John the Baptist (or Baptizer, as he is also known) fits the mold of the Old Testament prophets, of whom he is the last representative.

He is counter-cultural, hanging out in the wilderness, which is a place where one often finds God, but which is also a place where society’s trouble-makers ply their trade.

He was rebel, leaving the career path that would have been expected of him, having been born of a father who was a priest in the Temple in Jerusalem. For, you see, as the son of a priest, he would have been expected to fulfill his own priestly duties in the Temple once he reached the age of thirty. Instead of encouraging the faithful people to undergo the ritual bath[1] that was required prior to entering the Temple’s precincts, he stands in the Jordan River, inviting people to wash themselves and be cleansed of their sins. John has cast aside any sense of mere formal religious observance: His voice calls for genuine and deep repentance, a turning around so as to face God squarely, to see what God desires rather than to harbor any pretensions that human beings are so good at creating for themselves.

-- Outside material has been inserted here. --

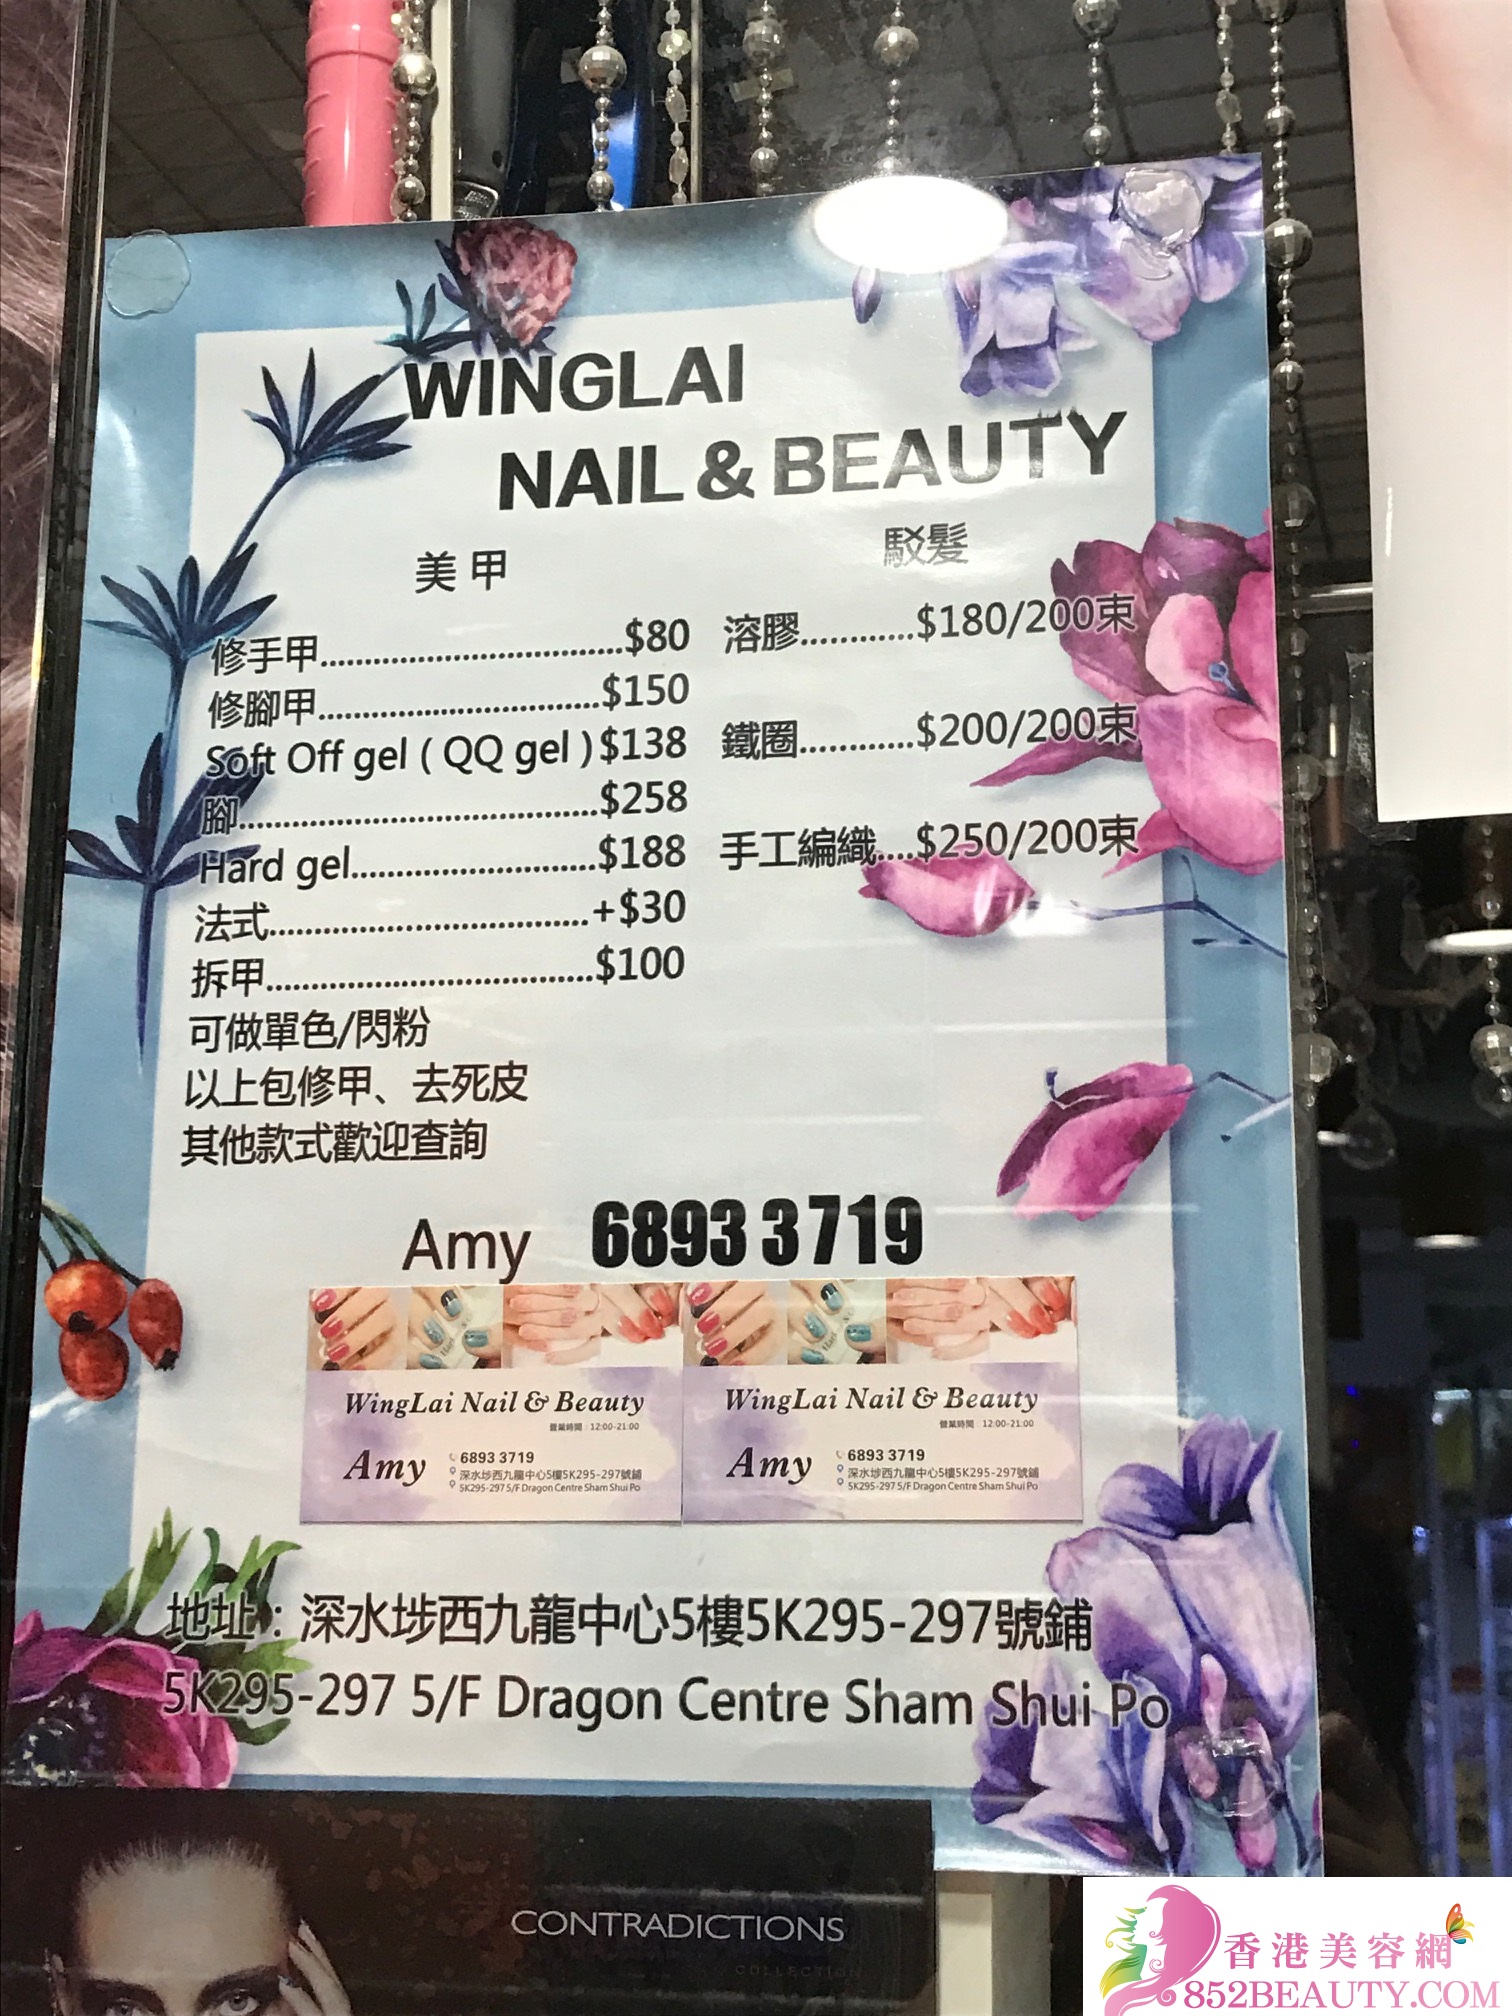 香港美容網 Hong Kong Beauty Salon 美容院 / 美容師: WingLai Nail&Beauty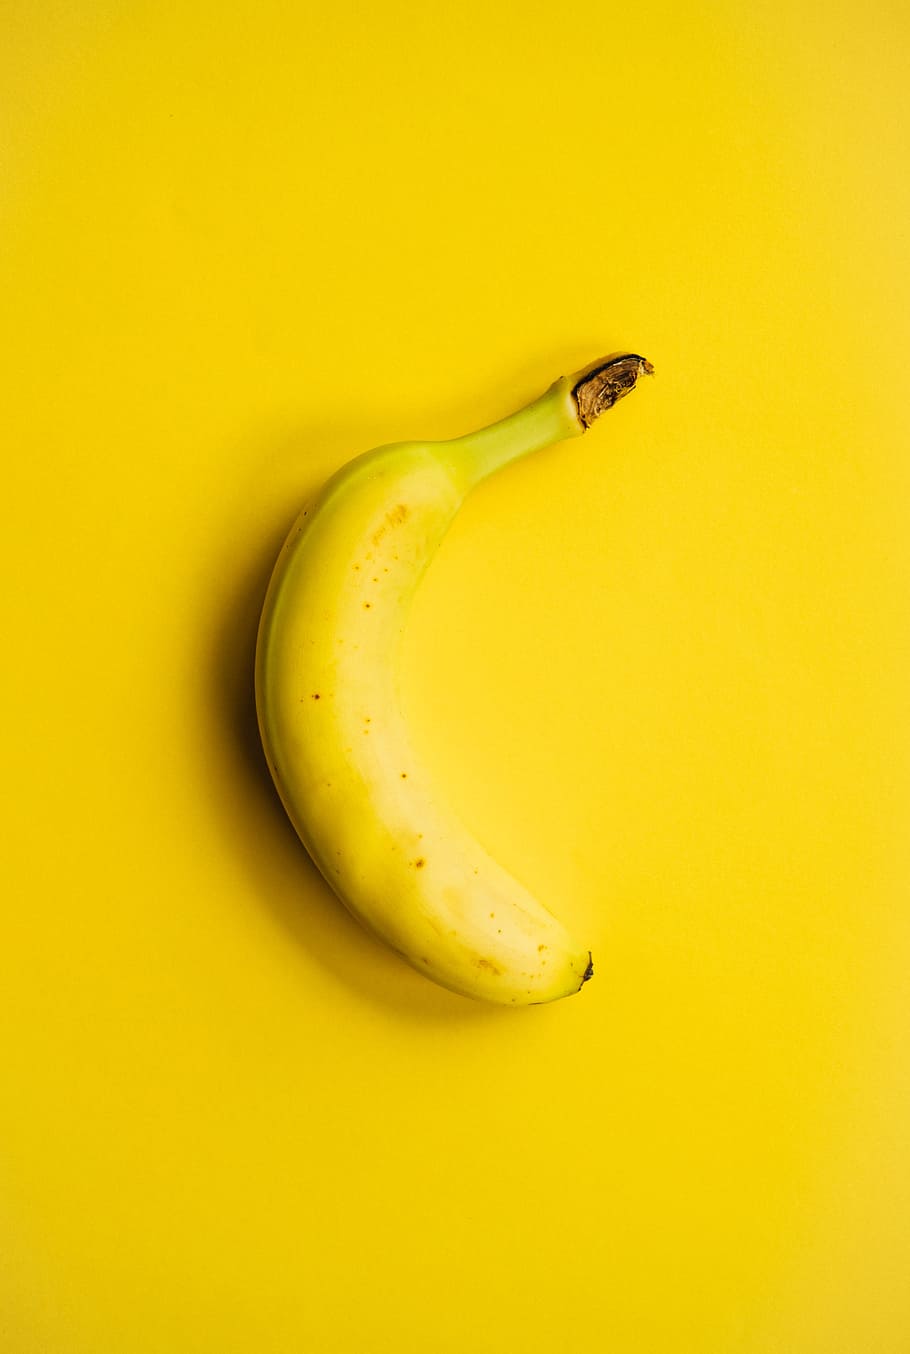 yellow banana fruit on yellow surface, yellow background, unporn

Matthew’s account of John’s ministry informs us that two groups of the leadership of God’s people 2,000 years ago came to the banks of the Jordan to check out what John was doing. One group, the Sadducees, were a priestly group, to be found in the Temple in Jerusalem. (One wonders if some of them remembered John, and perhaps, thought that he was a promising young man “gone bad”.) The other group was a lay group known as the Pharisees. Oftentimes, these two groups differed in their perspectives, but – it seems – when there was a challenge to their leadership, their positions of power and influence, and their prerogatives, they could find a way to work together. (That, of course, is the truth of our Lord’s betrayal, trial, suffering, execution, death and resurrection.)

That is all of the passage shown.